Re: Speeding up FAT operations

Vojtech Pavlik (vojtech-lists@twilight.ucw.cz)
Wed, 16 Sep 1998 12:40:21 +0200


On Tue, Sep 15, 1998 at 07:57:38PM +0300, Jukka Tapani Santala wrote:
> I'm using egcs-1.0.3 release and Linux 2.1.120 kernel on Pentium II at the
> moment. Every now and then I feel the need to hunt for the most obiviously
> inefficient bit of code in Linux kernel, which usually falls within the
> domain of FAT filesystem drivers... which, I guess, isn't all Linux's
> fault ;) However, my current pet-peewe is the fat_smap() function in
> fs/fat/cache.c - caches are supposed to speed up things, but with lines
> like...
>
> cluster = sector/sb->cluster_size;
> offset = sector % sb->cluster_size;
>
> ...my computer seems to be wasting most of it's time doing integer divide
> on numbers that my recollection from the FAT days should be replaceable
> by simple bit-operations (Okay, this may have something to do with the
> fact that the FPU is otherwise pre-occupied).
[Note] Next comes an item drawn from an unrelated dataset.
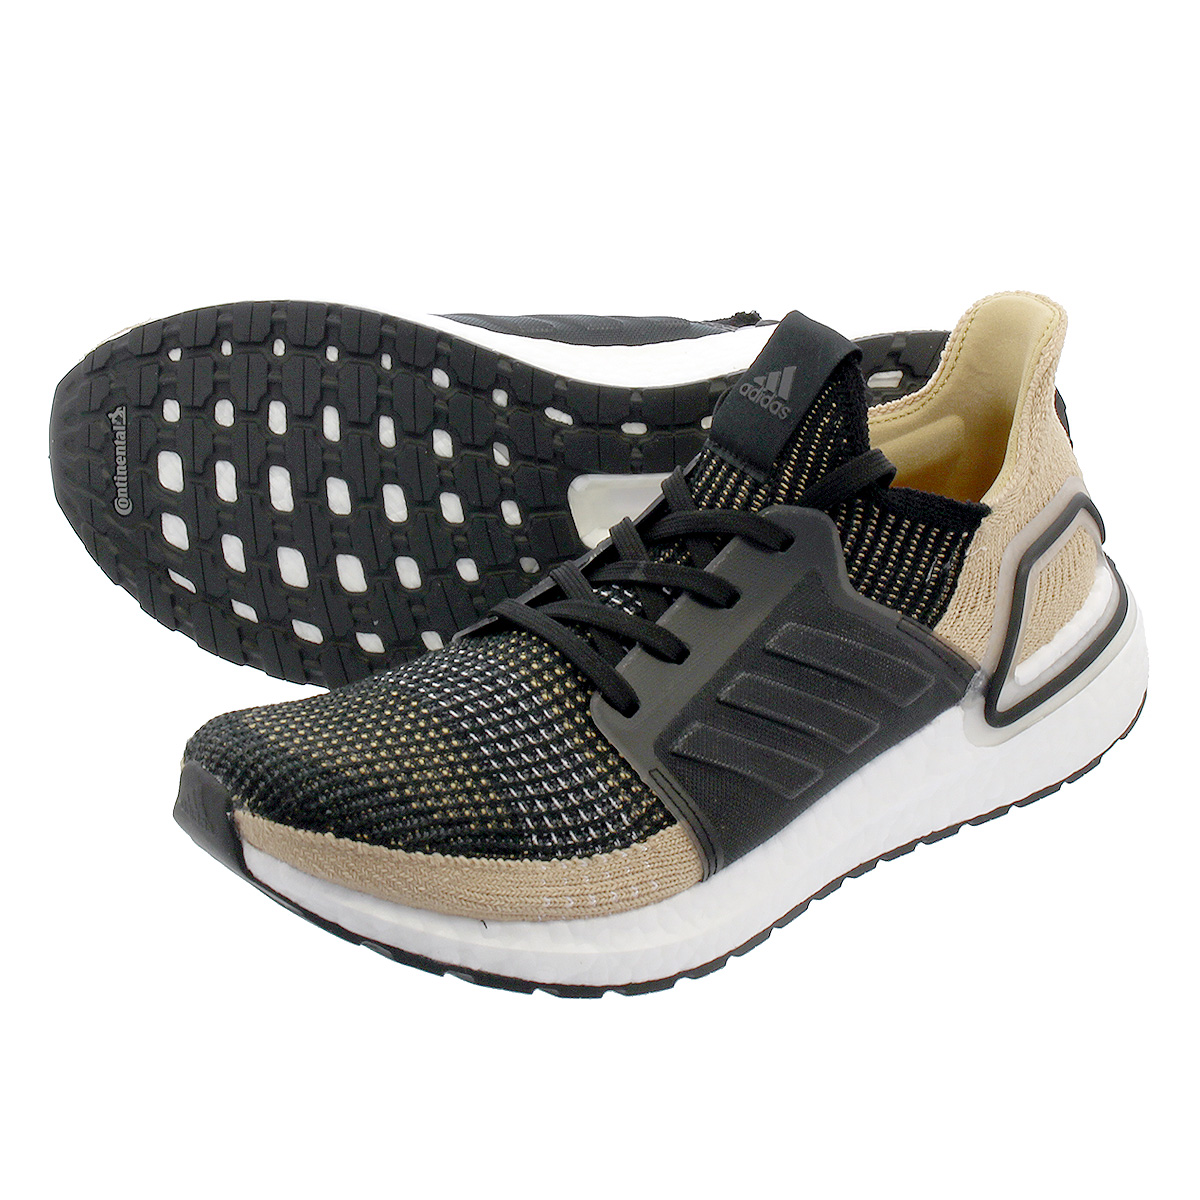 adidas ULTRA BOOST 19 アディダス ウルトラ ブースト 19 CORE BLACK/RAW SAND/GREY SIX f35241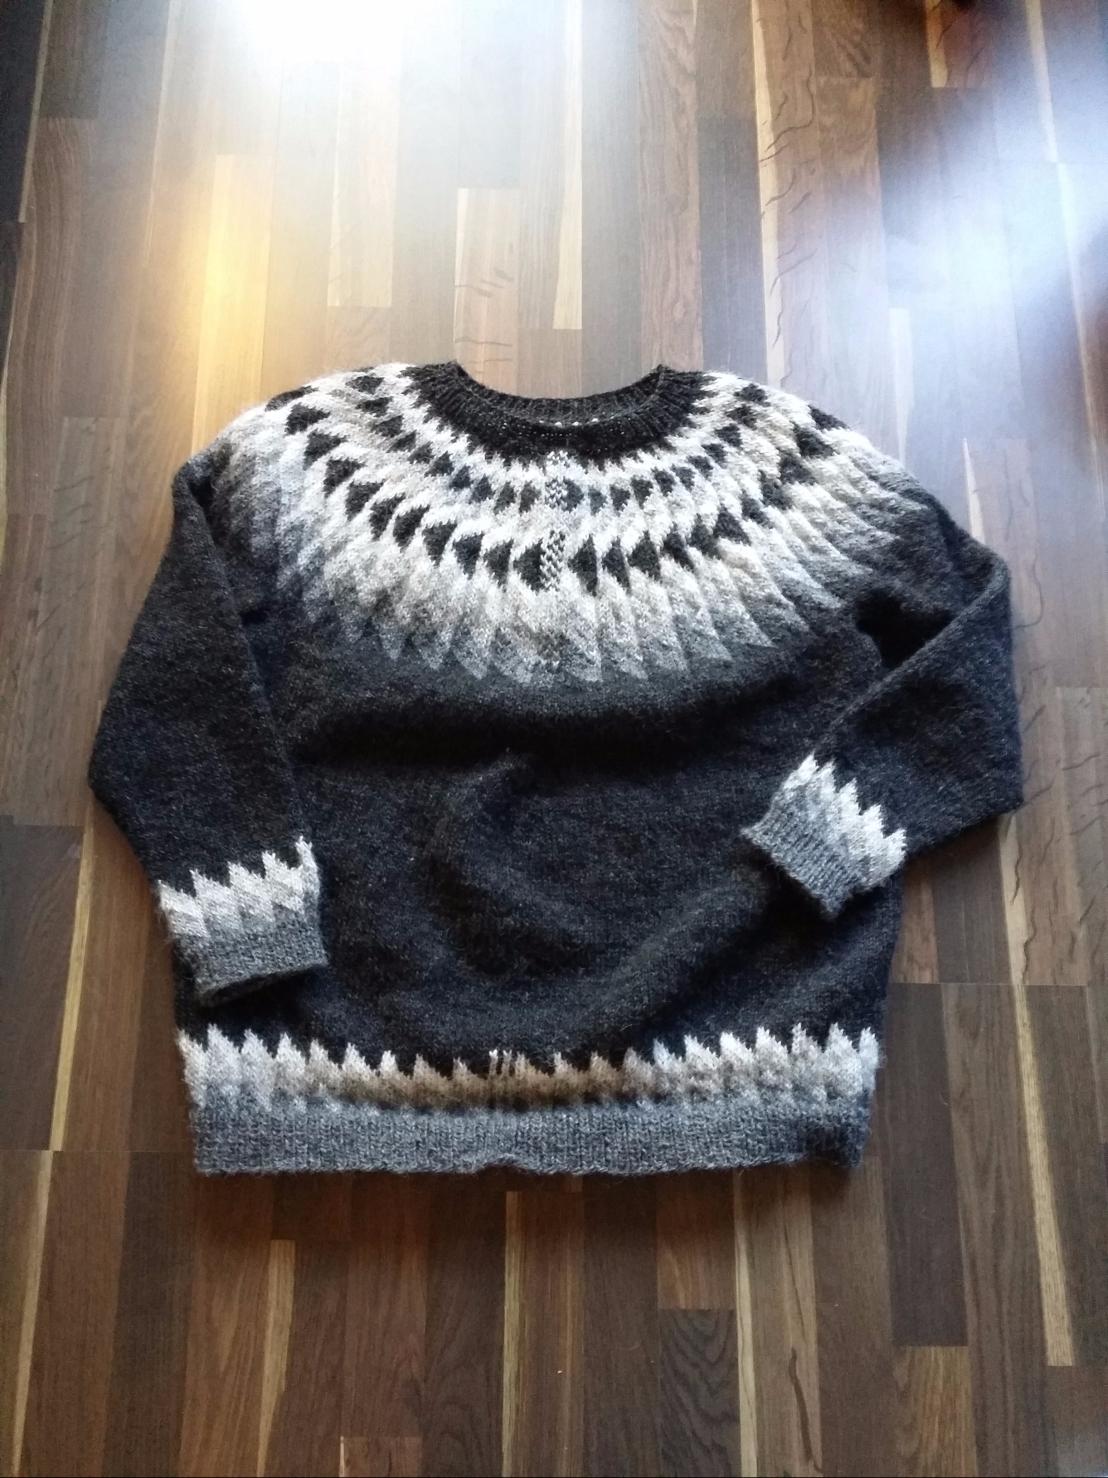 Fred's monochrome sweater (Jón 91149 by HuldaHákonardóttir)

Geeze, even int
> i=sb->cluster_size>>1; cluster=sector; while(i>>1) cluster=cluster>>1;
> offset=sector&(sb->cluster_size-1); yields better result. I'm probably
> missing a technique to do away with that loop entirely, but taking the
> shift-value ahead of time into a static variable in appropriate place is
> the real trick...

Well, since the cluster size on FAT filesystems is as far as I know
always a 2^n sectors, if the value of sb->cluster_size was everywhere
replaced by the n instead of being 2^n, you could do just the shifting.

I wonder why it is not done that way. There might be a reason.